In this episode of TiPS: Today in Public Safety, Fletch takes a hard look at one of the most overused comfort blankets in network design: “five nines.” It sounds impressive on a slide deck. It sounds responsible in a contract. It even looks reassuring when someone puts it in a glossy brochure.
But in a real ESInet, “99.999%” is often just a number that describes one component, in one place, under one set of assumptions. And the public does not call 9-1-1 to test your component availability. They call because their worst day just started, and they need an end-to-end system that actually works.
This episode breaks down what “five nines” really means, why it gets misused, and how reliability claims can fall apart the moment you zoom out and look at the full path: origination network, call routing, NG911 core services, GIS dependencies, redundancy design, PSAP operations, and the handoffs between all of it. You will also hear why “sunny day outages” happen so often, and why partial failures and intermittent issues can be more dangerous than a total outage, because they hide in the cracks and quietly break workflows.
If you are responsible for NG911 planning, ESInet procurement, governance, cybersecurity, operations, or vendor oversight, this is the episode that helps you stop buying numbers and start buying outcomes.
Because the mission is not five nines. The mission is: the call and the data get through. Every time.
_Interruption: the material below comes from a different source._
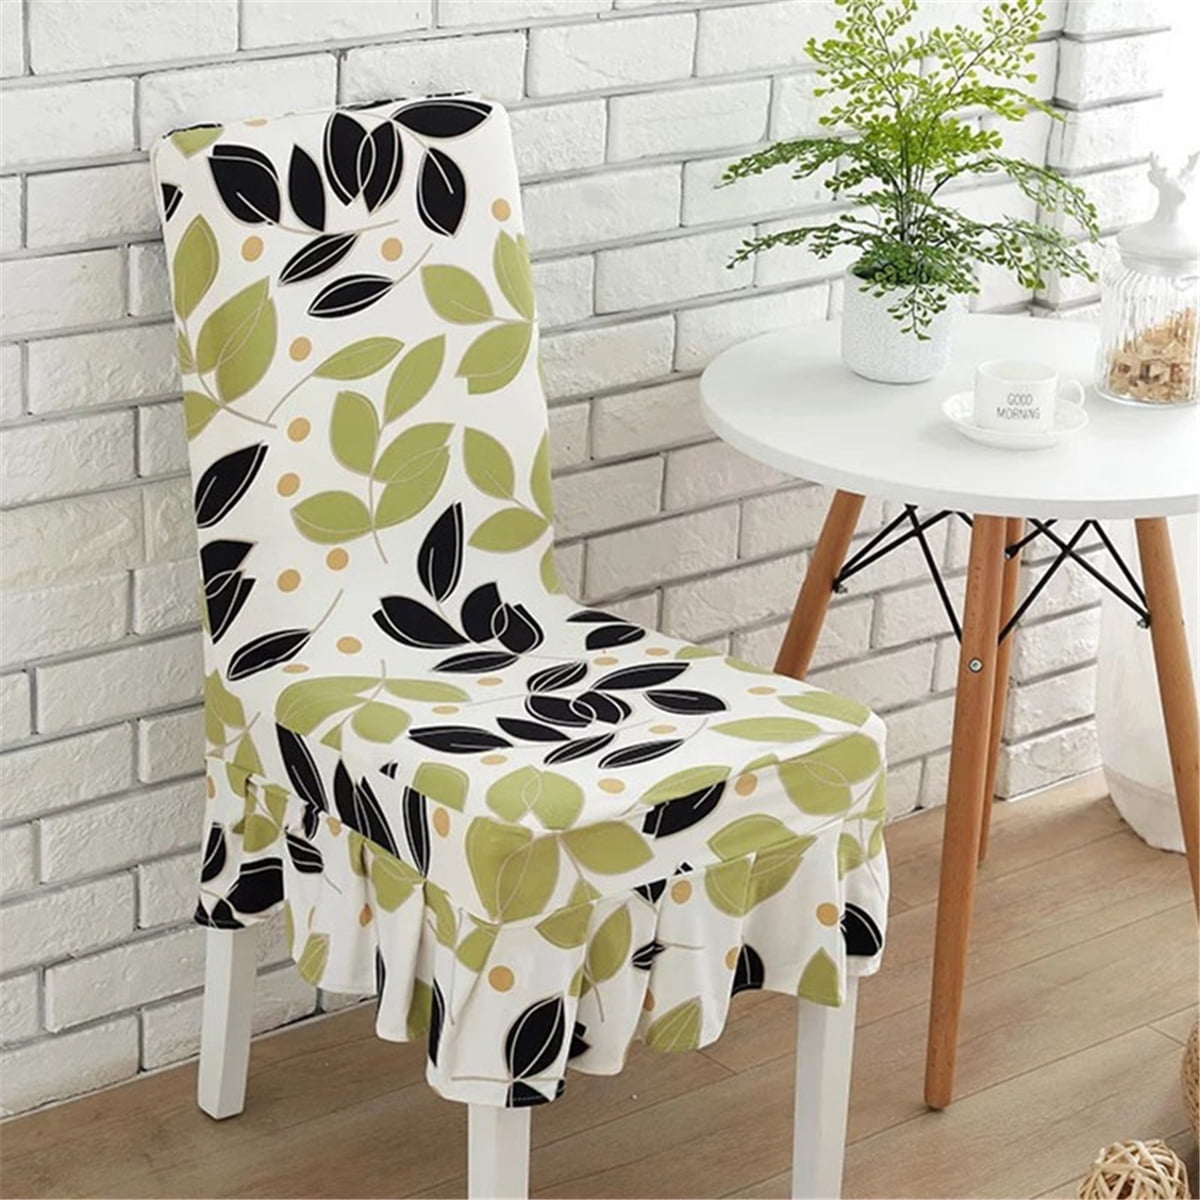 Chair covers for folding chairs

In this episode, we cover:
What “five nines” actually means in real downtime
Why component SLAs do not equal mission success
The end-to-end reality of ESInet dependencies
Hidden single points of failure you forgot you had
What to measure instead: outcomes, failover behavior, and operational continuity
The questions every PSAP, 911 authority, and state program should be asking
TiPS: Today in Public Safety is where we talk real-world 9-1-1, real-world NG911, and we translate buzzwords into operational reality.